Dear Members,
The Directors have pleasure in presenting their 34th Annual Report on
the business and operations of the Company together with the audited
financial statements for the financial year ended March 31st, 2015.
1. Financial Performance of the Company
The summarized consolidated and standalone financial performance of
your Company is as follows:
(Amount in Rs.)
STANDALONE
Particulars
2014-15 2013-14
Profit Before Tax & Provision 5,46,264 29,097
Less: Provision For Tax 4,04,795 8,729
Profit After Tax 1,41,469 20,368
Transfer to Statutory NBFC Reserve Fund 28,294 4,665
Profit/loss Brought for Appropriation (715,717) (731,420)
Profit/ Loss Available for Appropriation 141,469 20,368
Proposed Dividend Nil Nil
Tax on Proposed Dividend Nil Nil
Profit/ Loss Carried Forward (602,542) (715,717)
Basic/ Diluted Earnings Per Share 0.02 0.01
(Amount in Rs.)
Particulars CONSOLIDATED
2014-15 2013-14
Profit Before Tax & Provision 541,809 (7,429)
Less: Provision For Tax 4,04,795 8,729
Profit After Tax 1,37,014 (16,158)
Transfer to Statutory NBFC Reserve Fund 28,294 4,665
Profit/loss Brought for Appropriation (766,205) (745,146)
Profit/ Loss Available for Appropriation 137,014 (16,158)
Proposed Dividend Nil Nil
Tax on Proposed Dividend Nil Nil
Profit/ Loss Carried Forward (643,257) (766,205)
Basic/ Diluted Earnings Per Share 0.01 0.00
2. Dividend
Your Directors have not recommended any dividend for the financial year
2014-15.
3. Transfer Of Unclaimed Dividend To Investor Education And Protection
Fund
The provisions of Section 125(5) of the Companies Act, 2013 do not
apply on the company as no dividend has been declared during the year.
4. Public Deposits
Being a non-deposit taking Company, your Company has not accepted any
deposits from the public within the meaning of the provisions of the
Non-Banking Financial Companies Acceptance of Public Deposits (Reserve
Bank) Directions, 1998.
5. Reserves
Your Directors have proposed to transfer amount of Rs. 28,294/- to
Statutory NBFC Reserve Fund during the year.

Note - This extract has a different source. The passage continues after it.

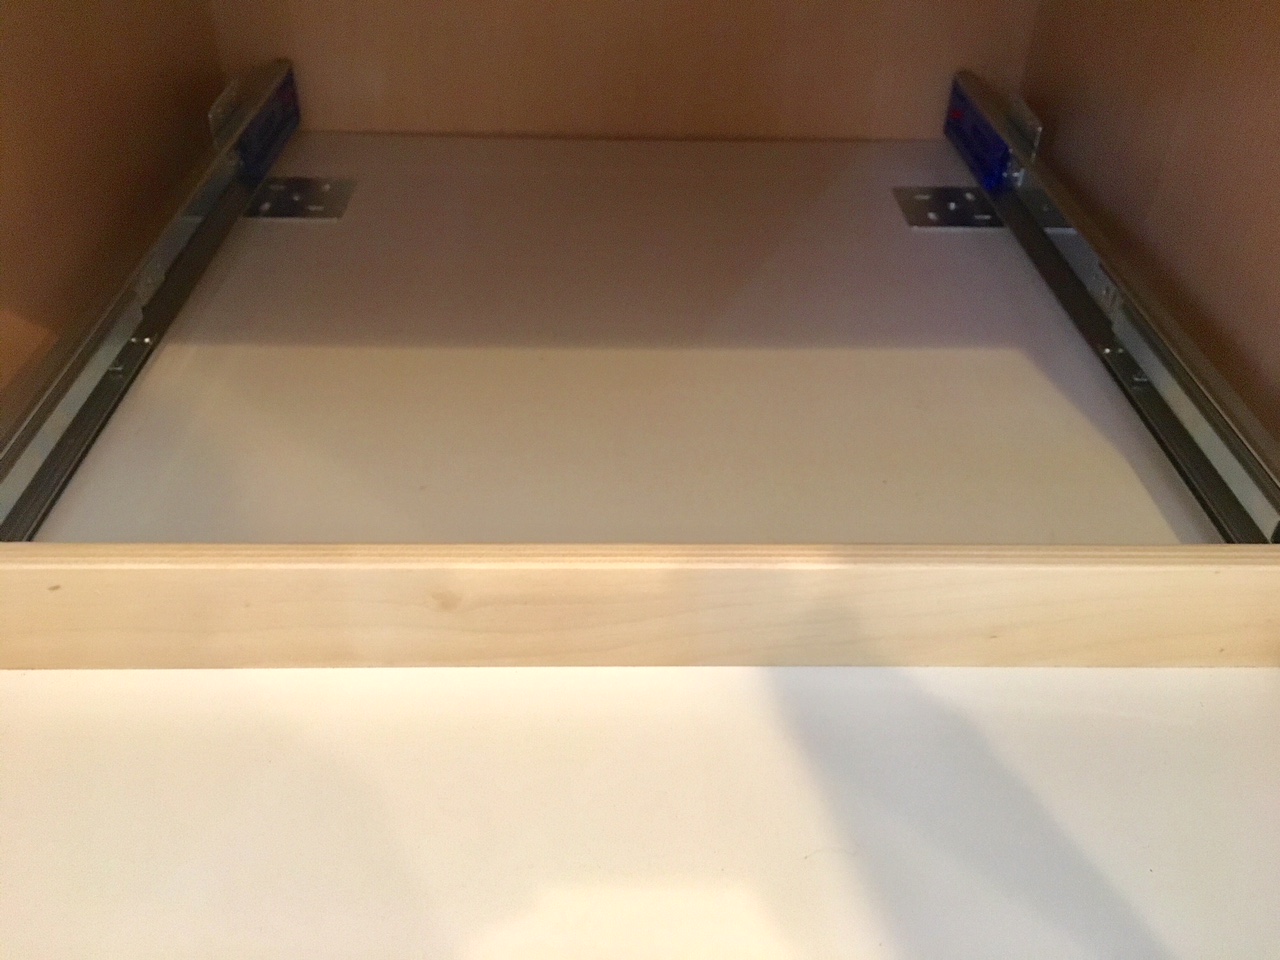 Installing Sliding Shelves in a Pantry

5. Brief description of the Company's working during the year/ State of
Company's affair
Your Company being a Non Banking Financial Company (NBFC) is currently
engaged in the financial activities. The business of the Company
largely depends on the policies by the Reserve Bank of India, Ministry
of Finance as well as Global volatility in the financial market.
The company has resumed its operation this financial year (2014-15):
Particulars Standalone Consolidated
(Rupees in lacs) (Rupees in lacs)
Revenue 101.97 102.46
Expenditure 96.50 97.05
Profit before tax 5.46 5.42
6. Change in the nature of business, if any
The Company has not changed its nature of business during the year.
7. Material Changes and Commitments, if any, affecting the Financial
Position of the Company
There is no such material change and commitment affecting the financial
position of your Company which have occurred between the end of the
financial year of your Company to which the financial statements relate
and the date of the report.
8. Details in respect of adequacy of internal financial controls with
reference to the Financial Statements.
The directors, have laid down internal financial controls to be
followed by the company and that such internal financial controls are
adequate and were operating effectively.
9. Details of Subsidiarv/Joint Ventures/Associate Companies
The Statement in Form AOC-I containing the salient feature of the
financial statement of your Company's subsidiaries, associates and
joint venture companies pursuant to first proviso to Section 129(3) of
the Companies Act, 2013 (Act) read with Rule 5 of the Companies
(Accounts) Rules, 2014, forms part of the Annual Report. Further, in
line with Section 129(3) of the Act read with the aforesaid Rules, the
Listing Agreement with the Stock Exchanges and in accordance with the
Accounting Standard 21 (AS-21), Consolidated Financial Statements
prepared by your Company include financial information of its
subsidiary companies.
The following are the wholly owned subsidiaries of the Company:
a. Dhansubh Exim Pvt. Ltd.
b. Nishdin Vintrade Pvt. Ltd.
c. Bhooteshwar Barter Pvt. Ltd.
d. Brightful Retailers Pvt. Ltd.
e. Gajrup Management Pvt. Ltd.
10. Statutory Auditors
M/s GORA 6b CO, Chartered Accountants, have been re-appointed as
Statutory Auditors of the company till the conclusion of the Annual
General Meeting of the company to be held in the year 2018 (subject to
ratification of their re- appointment at even,' AGM) and the Directors
of the Company shall fix the remuneration from time to time in
consultation with the Audit Committee.
11. Auditors* Report
The observations made by the Auditors are self- explanatory and do not
require any further clarification. Further, the explanations or
comments by the Board on every qualification, reservation or adverse
remark or disclaimer made by the auditor in his report is annexed.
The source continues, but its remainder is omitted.